QUESTION 6 – Intellectual Property

In any dispute in China between Treasury Wine Estate and Daniel Li about the use of the trade name “Penfolds”, Daniel Li would win because of the territorial aspect of the name. The trade name functions only within the country and state where it is registered. Because Treasury Wine Estate is not registered in China, then the company would not have any rights to the name Penfolds. Daniel Li legally owns the name in China and has the right to use it in China.

Treasury Wine Estate should have registered as global. This way, it would own the international trademark protection, applicable in China and in Australia as well as 113 other countries. Another alternative would be to directly register in China before Daniel Li. However, since this option is not available, Treasury Wine Estate should consider acquiring Daniel Li’s company in order to own controlling rights to the trademark.

QUESTION 7 – Trade in Goods

The court in State M should not overrule the decision of the State M customs service. The decision by State K to provide subsidies to Eager including tax breaks and other provisions is a competitive advantage to the organization. By operating in State M, Eager is subject to the same laws as Fone. Having subsidies from State K’s domestic market does not mean that State M should impose a countervailing duty against goods from the former. Such a direction would be against WTO competition laws.

Yes. My answer would change if the facts revealed that the real reason that the government of State K provided these subsidies was to win market share for its domestic businesses in State M. this would amount to unfair trade practices and would require the intervention of an international tribunal.

QUESTION 8 – International Sales of Goods

According to the UN Convention on Contracts for the International Sale of Goods, the remedy available to the buyer includes accepting the 1900 barrels and seeking compensation for the 100 barrels either through a refund or via the available domestic pricing at $75 per barrel.

If the 100 barres were damaged by a natural disaster, the buyer would wait for the seller to get cure.
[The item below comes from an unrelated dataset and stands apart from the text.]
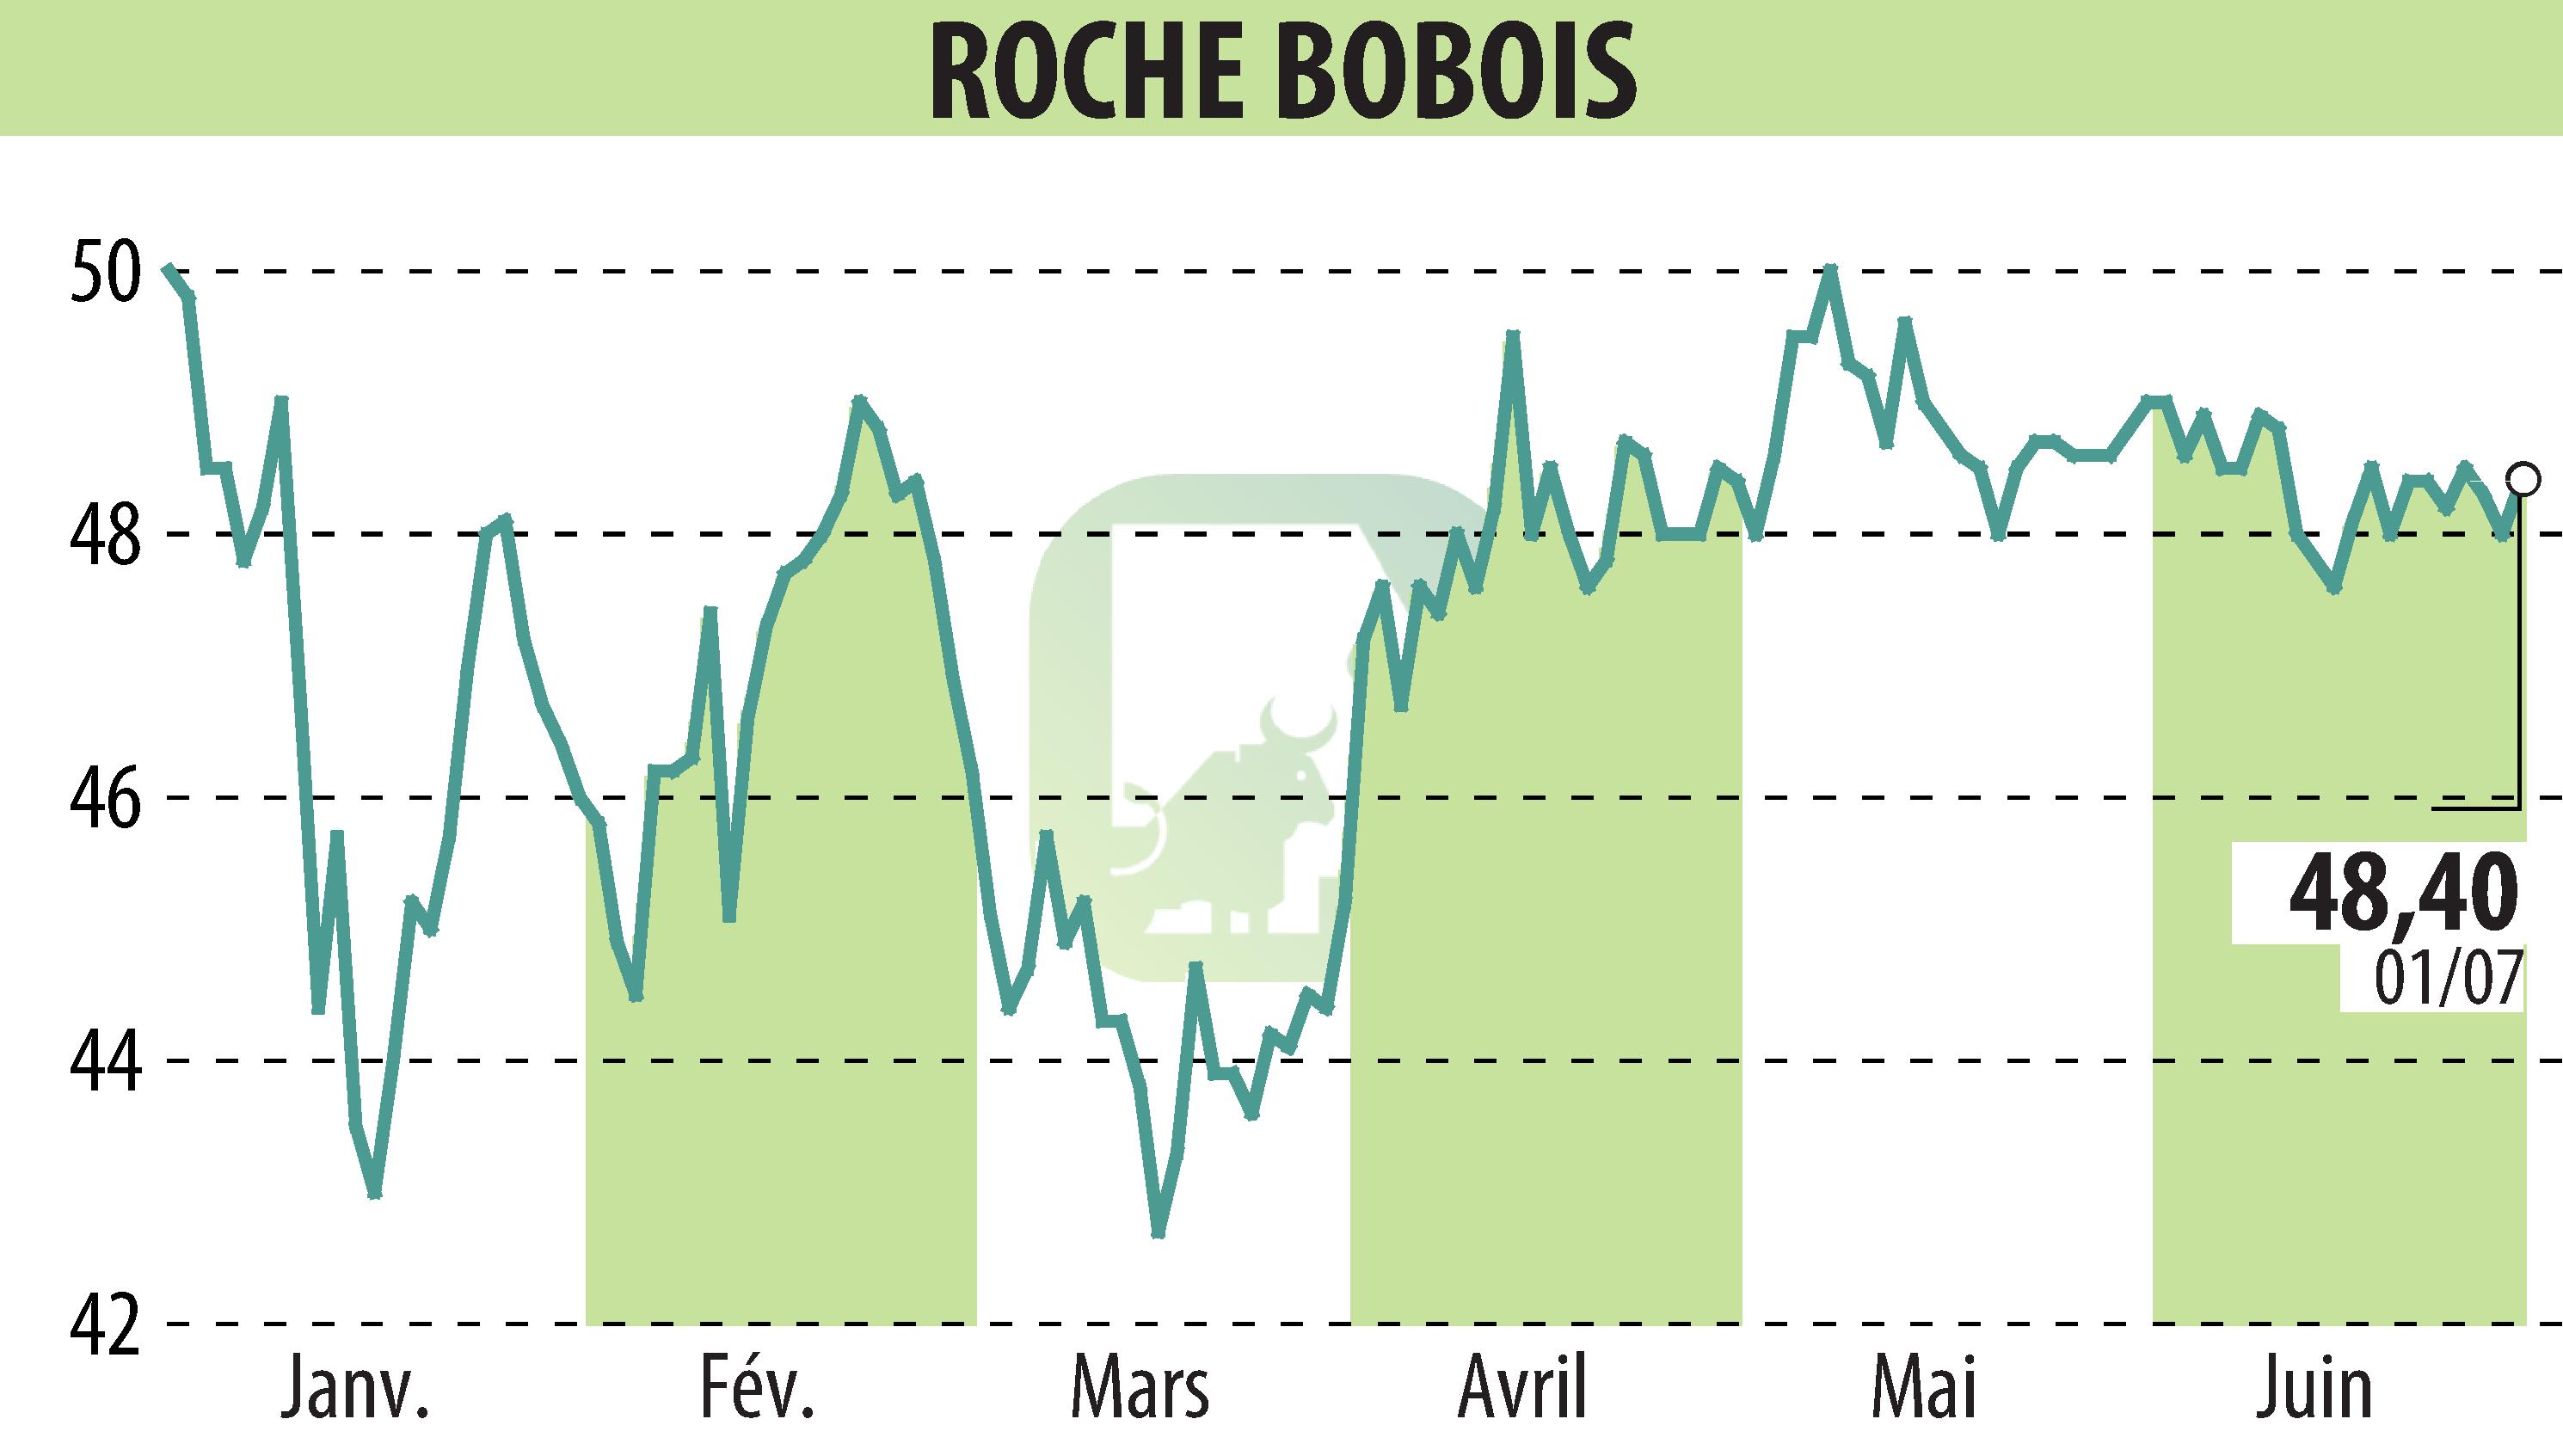 Stock price chart of ROCHE BOBOIS (EPA:RBO) showing fluctuations.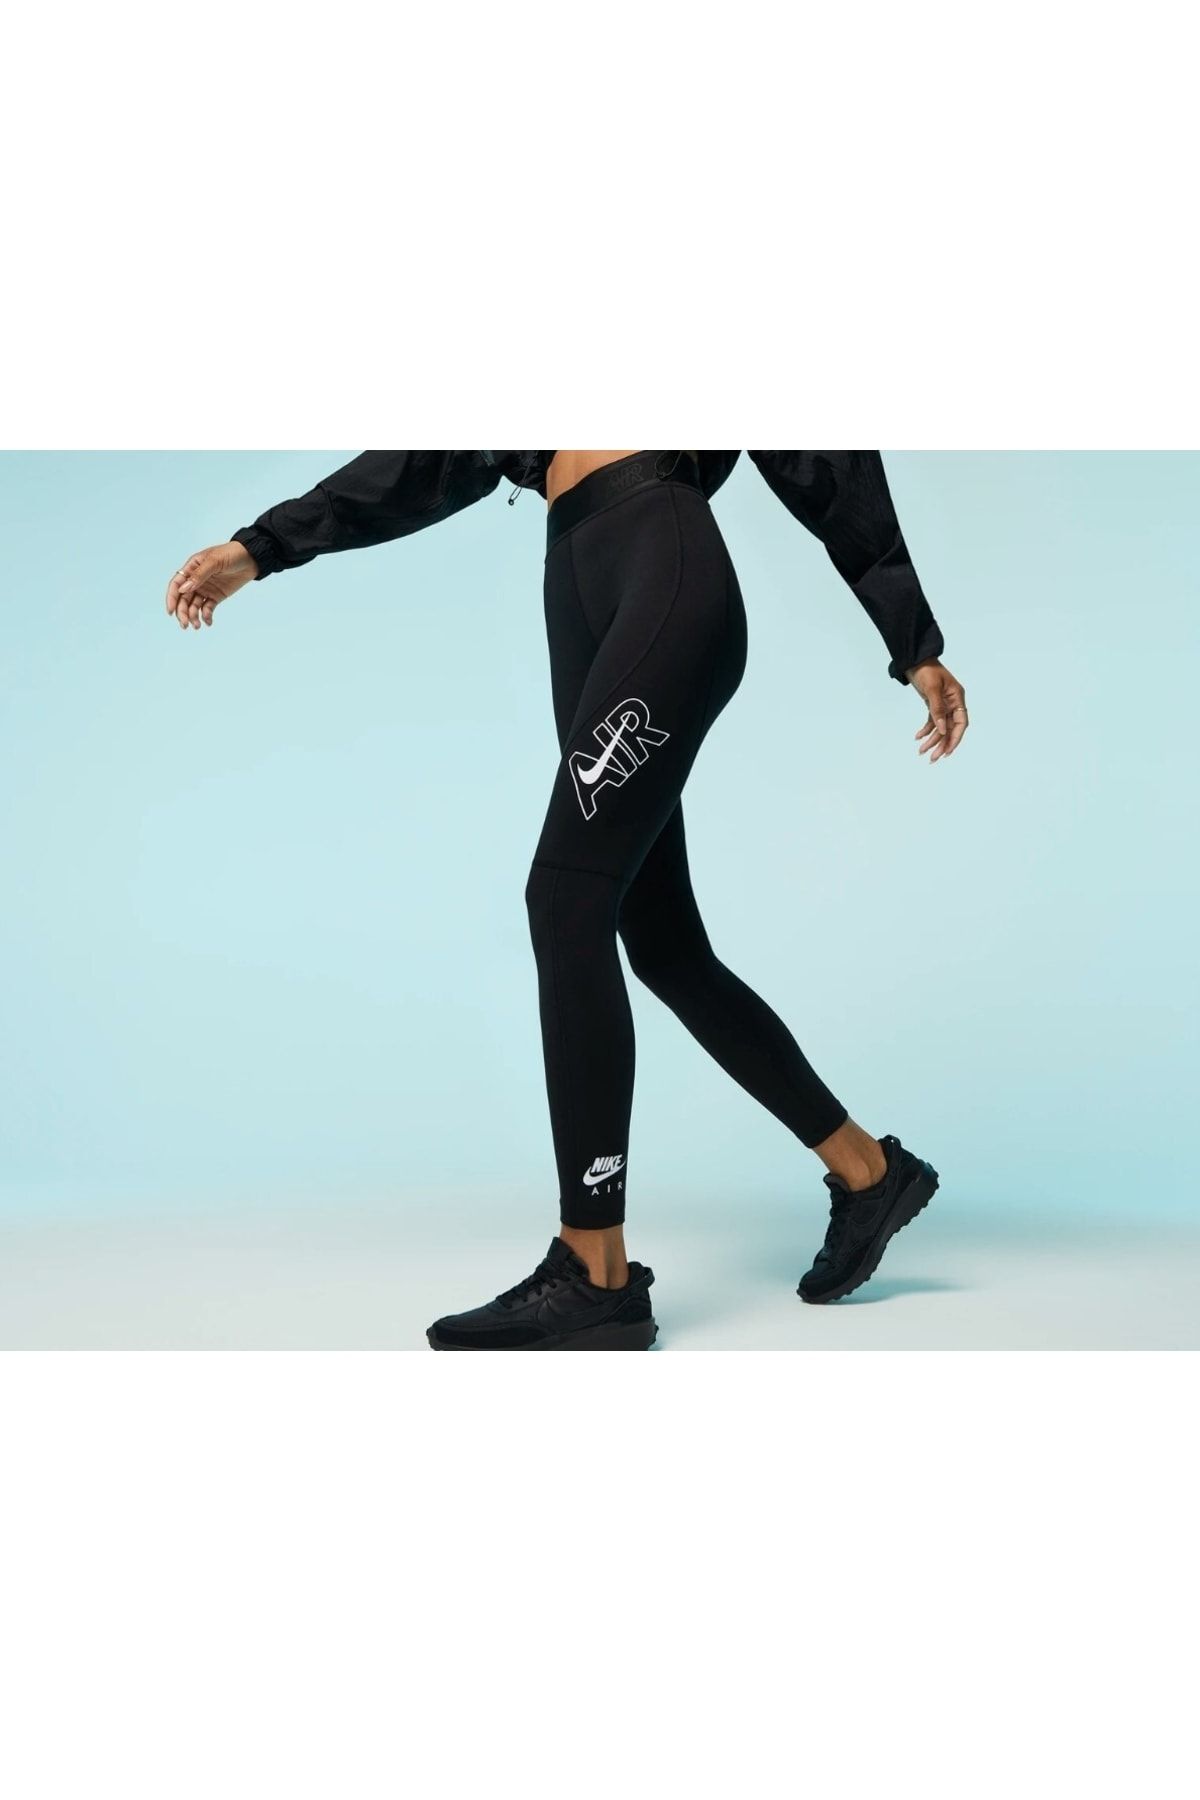 Nike Nsw Favorites Air 1 Girls' Tights, Girls, AQ9176, Black/Metallic Gold,  XL: Buy Online at Best Price in Egypt - Souq is now

This means that compensation from insurance and third parties would be used to honor the terms of the agreement.

QUESTION 9 – Transportation of Goods

Carlton & Universal Beverages Pty Ltd is the correct party to sue Oceanic Lines. This is because the two were in a contractual agreement, one that demanded the latter to transport goods to safety and to take over liability in the transportation route and processes. This means that Carlton & Universal Beverages Pty Ltd has a duty to recover the products that were intended for business sin the US. It can achieve so by showing that Oceanic Lines did not honor the agreement.

Oceanic Lines and the MV Minnow are incorrect in their legal position because the case involves a contract. The firm had a contractual performance to transport goods to the US and a duty to take liability in case the same were not availed at the agreed location. In the case presented, transportation of goods is a contractual agreement, one that should be honored by the transporting agent.

QUESTION 10 – Financing

A Court in State P should not grant Importers Ltd the request to stop its bank from making payment on the Letter of Credit. This is because the accusations made do not have proof and also the contract is irrevocable. Overseas Exporters Ltd execute the terms of the contract without fail. The company ensured that it met the demands of the contract including a clean “on board bill of lading” for “10 new passenger cars”. Therefore, the bank must proceed to make payment as agreed since the accusations made are from a competitor of Overseas Exporters Ltd and lacks any proof of any illegalities that may lead to nullification of the contract.

However, if the Bill of Lading stated that the cars were not new but ‘near new’, the bank would not be required to pay on this change of facts. The original agreement was that Overseas Exporters Ltd delivers 10 new cars. If the Bill of Lading stated the cars to be “near new”, then this would mean that the terms of the contract were not honored. The bank would not be required to pay due to these changes.